Figure 2: A view of the DIVERSE Live team hard at work.
Figure 2: A view of the DIVERSE Live team hard at work.

DIVERSE 2011

In 2001 the Teaching and Learning Technology Programme (TLTP)-funded project DIVERSE, which promoted lecture capture across four UK HEIs, came to the end of its two-year run. To mark the end of the project a large international conference was organised at the University of Derby, bringing together practitioners, educators, technicians and academics in an informal setting; all of whom were united in a common interest in the use of visual technologies in learning and teaching. This DIVERSE conference became an annual event, and DIVERSE conferences have since been held in the Netherlands, the US, Canada, Norway as well as several other locations around the UK. This year’s conference was held 28 – 30 June in Dublin City University, Ireland.

The DIVERSE conferences have survived for this long with no institutional backing or external funding, but entirely through the enthusiasm of the organising committee, the hard work and commitment of the local teams that host the conference each year, and the delegates to the conferences, many of whom return year after year.
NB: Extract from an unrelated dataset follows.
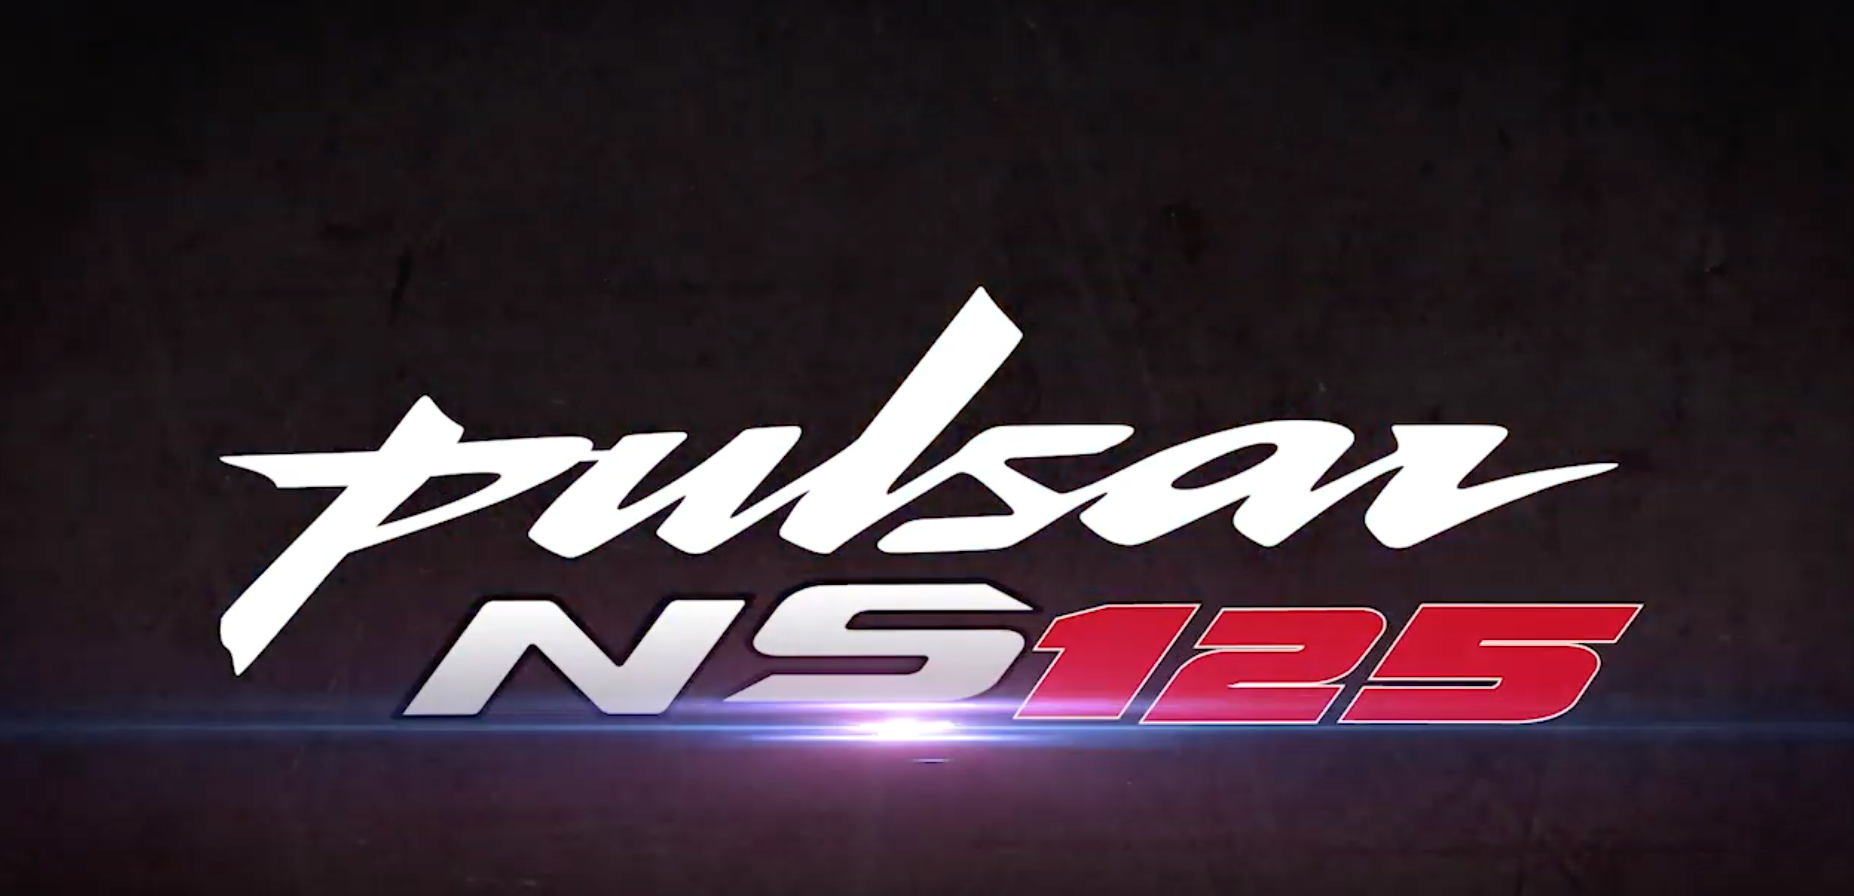 Pulsar 125 Neon Launch: Bajaj Auto launches new Pulsar 125 Neon, ET Auto

Well done to the DCU organising committee: Ger Cannon, Eamon Costello, Dr. Margaret Farren, Leone Gately, Morag Munro, Emma O’Brien and Peter Tiernan. A particular word of recognition must go to Yvonne Crotty, DCU and Diverse 2011 Conference Director, who creatively and imaginatively led the team to achieving a most successful and innovative conference.
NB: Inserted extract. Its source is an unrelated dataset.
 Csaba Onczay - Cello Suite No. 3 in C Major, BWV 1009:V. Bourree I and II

The conferences have become important to this community in that the technologies and pedagogies they focus on are often overlooked, or sidelined, in a sector for which “elearning” is often synonymous with (almost entirely text-based) “VLEs”. These meetings are an annual opportunity to meet with others who value and experiment with video, videoconferencing, 2D and 3D visualisation and so on.

Over the years, several innovations have been introduced and these have become an integral part of the conference, providing some of its unique flavour. During many of the conferences a team, formed from a combination of students attending the hosting university and students of Aase Knudsen (Lillehammer University College) and Mike O’Donoghue (now at Manchester University), comes together to create live streamed broadcasts of each day’s events. However, this year there were new additions to the broadcast crew. Yvonne Crotty, School of Education at DCU, worked with Mike and Aase in the planning of the broadcast event. Eoin Campell and Damien Hickey in the School of Communications, DCU must also be commended for their managerial roles in the whole Diverse Live production. Of a 36 strong crew there were 27 students from DCU, 10 students from Yvonne’s MSc. in Education and Training Management (eLearning) programme and 17 of the students from the MSc. in Multimedia who are taught by Eoin and Damien.  The DCU students teamed up with the students from Norway and Manchester to create live streamed broadcasts. The production studio was in the foyer of the conference venue (The Helix), so that the behind the camera activity could be seen by the delegates. Not only does this mean the conferences can be broadcast, making the content available to many more people, it provides a learning opportunity for the students, and introduces a new generation to the community.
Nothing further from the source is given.